AscendKernelGen/KernelGen-LM-32B-RL
KernelGen-LM-32B-RL by AscendKernelGen is a 32-billion parameter domain-adaptive large language model built on the Qwen3-32B backbone, specialized for generating low-level NPU kernels for the Huawei Ascend architecture using AscendC. It is trained on the Ascend-CoT dataset and refined with reinforcement learning using execution feedback.
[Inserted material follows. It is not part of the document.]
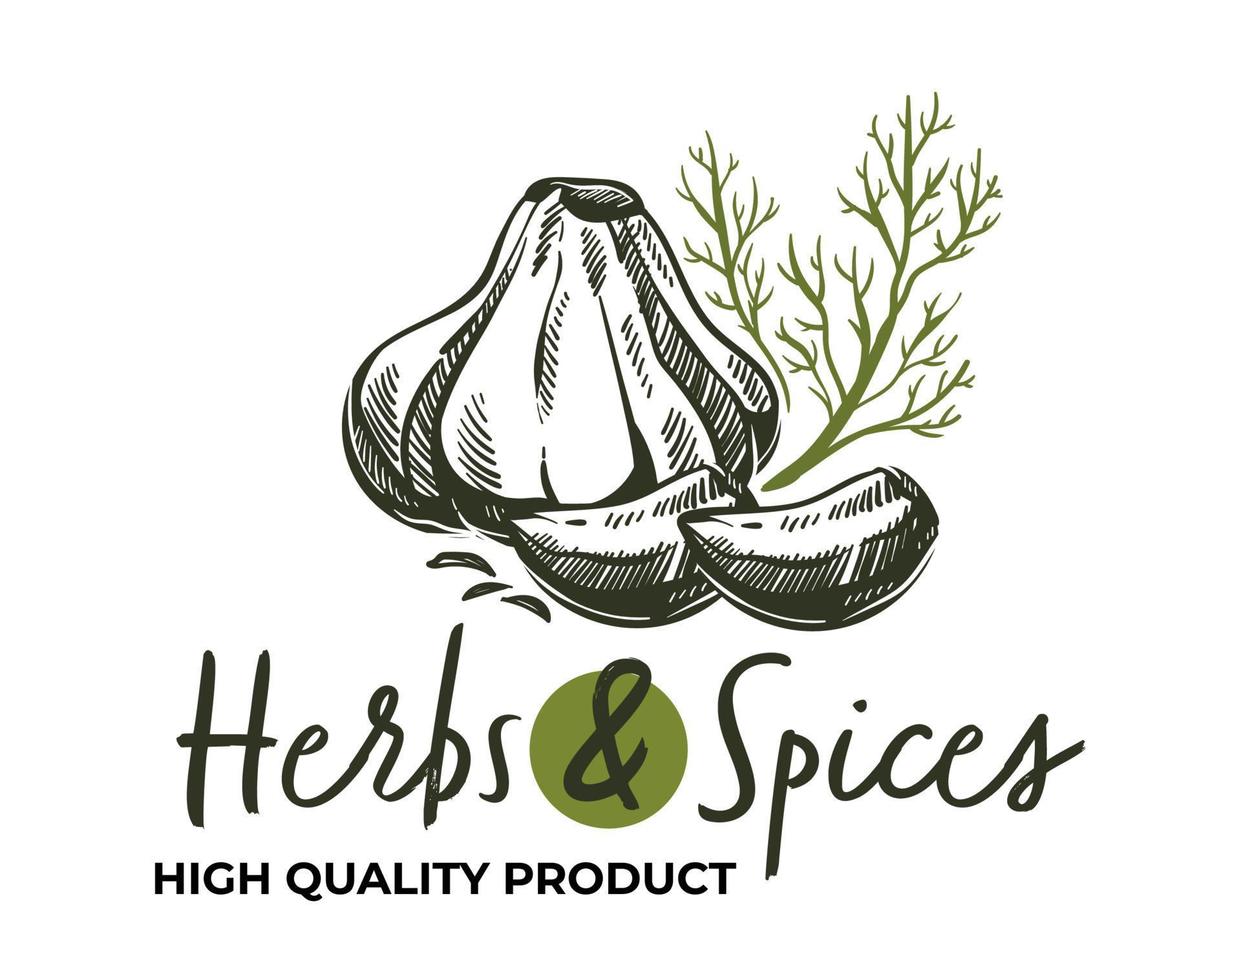 Herbs and spices high quality products shop logo vector

This model achieves high success rates in generating complex, functional hardware kernels, significantly improving compilation success and functional correctness for NPU programming tasks.
Loading preview...
Overview
AscendKernelGen/KernelGen-LM-32B-RL is a specialized large language model designed for generating low-level Neural Processing Unit (NPU) kernels, specifically for the Huawei Ascend architecture using the AscendC programming language. Built upon the Qwen3-32B backbone, this model is a product of the AscendKernelGen (AKGen) framework, which focuses on bridging the gap between general-purpose code generation and hardware-specific programming.
Key Capabilities & Innovations
- Domain-Specific Training: Utilizes the high-quality, domain-specific Ascend-CoT dataset, which incorporates Chain-of-Thought (CoT) reasoning from documentation, real-world kernel implementations, and general reasoning chains.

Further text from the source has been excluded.